The Great Barrier Reef Is Screwed If Climate Change Continues

A new study warns coral's ability to withstand bleaching would suffer in warmer oceans.
Coral bleaching, like the ongoing event at the Great Barrier Reef, could get much worse if climate change continues, researchers warn.
Coral bleaching, like the ongoing event at the Great Barrier Reef, could get much worse if climate change continues, researchers warn.
Credit: Peter Mumby

The Great Barrier Reef could lose the ability to protect itself from future bleaching events if climate change continues unabated, a new report warns.

The study, published in the journal Science on Thursday, says that this would occur if ocean temperatures rise by just 0.5 degrees Celsius -- which scientists predict could happen in less than four decades if climate change continues.

The report points to coral's unique ability to cope with a stressful event, like a warmer ocean, in what researchers call a biological practice run. The weeks leading up to coral-damaging temperatures allow the creatures to prepare for the warmer water and become more tolerant to bleaching and death.

Study lead author Tracy Ainsworth, a biologist at the ARC Centre of Excellence for Coral Reef Studies, compared the process to marathon training.

"Training doesn't stop you from feeling a marathon, it just makes it possible or easier to get through it because your body's prepared," she said.

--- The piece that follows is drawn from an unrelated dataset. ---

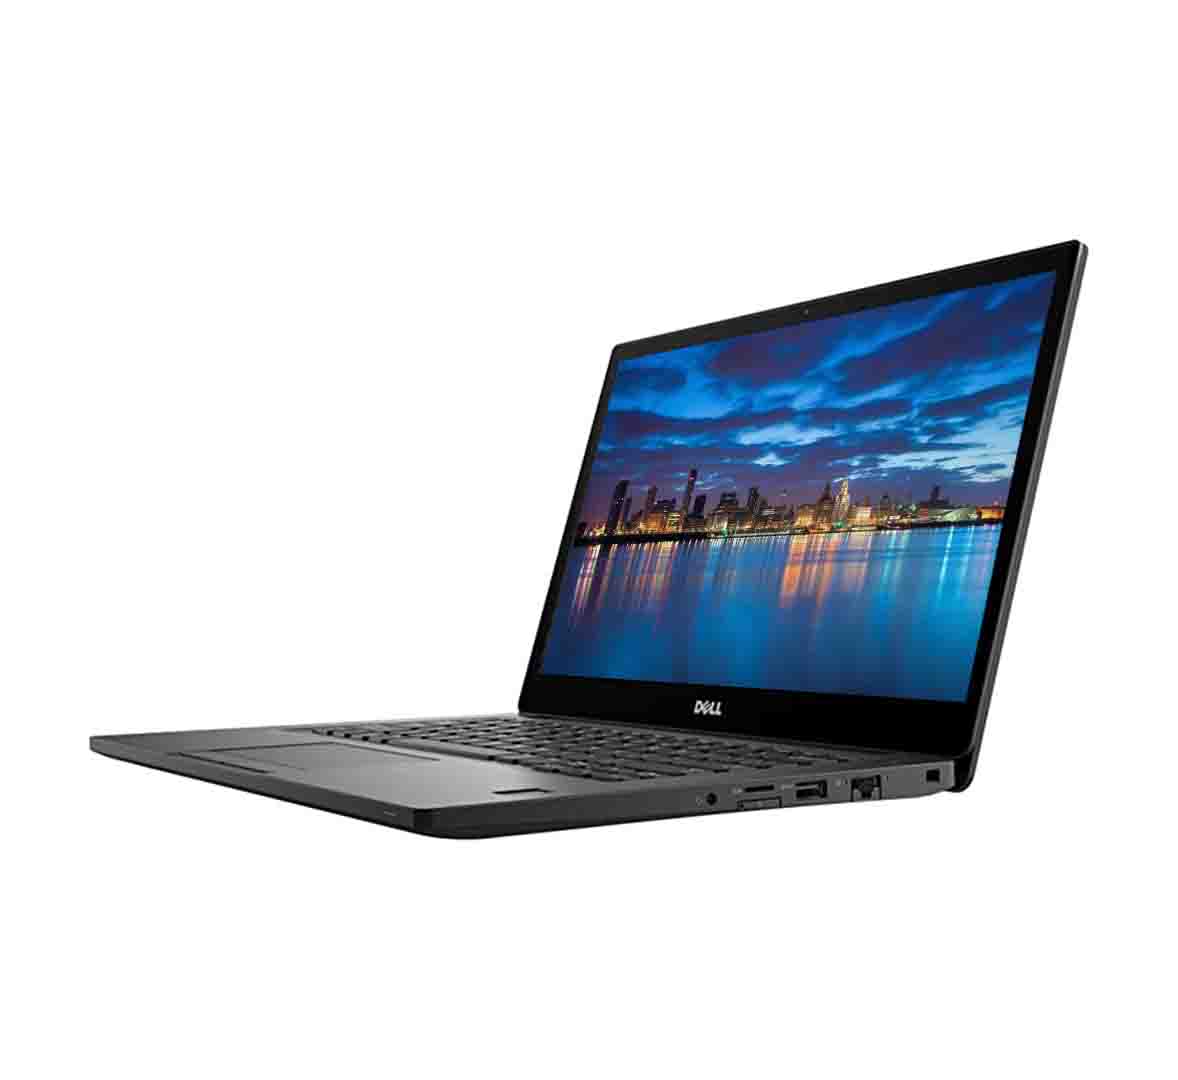 Dell Latitude 7480 Business Laptop, Intel Core i5-6th Generation CPU, 8GB RAM, 256GB SSD, 14.1 inch Display, Windows 10 Pro

Over the past thirty years, 75 percent of stressful events have followed this pathway of slow warming and protective stress. But warmer oceans would cut that marathon training period drastically, with less than a quarter of future events allowing coral to prepare for bleaching.

“That annual repeat, it doesn't allow corals to recover.”

Co-author Scott Heron, a physical oceanographer with the National Oceanic and Atmospheric Administration's Coral Reef Watch, said without this pre-conditioning, past bleaching events would have been "much more severe."

"A healthy person is going to be better able to survive exposure to some illness than some person who's health level is reduced," he said, referring to coral's natural ability to prepare for bleaching. "The disheartening thing is that our model shows that in the future the proportion of events with that protective [warming period] will be reduced."

Coral becomes bleached due to environmental stress, caused primarily by warmer oceans. The colorful algae that feed the coral abandon the formations during these heat waves, leaving them ghostly white. If temperatures decrease, the algae can return and coral can recover. But during severe bleaching, the episodes can be fatal.

That's exactly what's happening on the Great Barrier Reef, which scientists say is suffering from the region's worst bleaching event in recorded history. Around 95 percent of individual reefs in the most pristine area of the ecosystem showed signs of severe bleaching during a recent National Coral Bleaching Taskforce survey.

Heron said despite the severity of the event, it has followed the pattern of pre-warmth that should allow the coral to resist the worst effects of bleaching.

But as oceans warm, bleaching events will become more frequent and severe, effectively forcing biomes like the Great Barrier Reef to effectively run the equivalent of a marathon without any training, again and again.

"We've seen places where they've had bleaching, back-to-back, year-after-year," Heron said, pointing to the ongoing global bleaching event threatening reefs in the Caribbean and Hawaii. "That annual repeat, it doesn't allow corals to recover."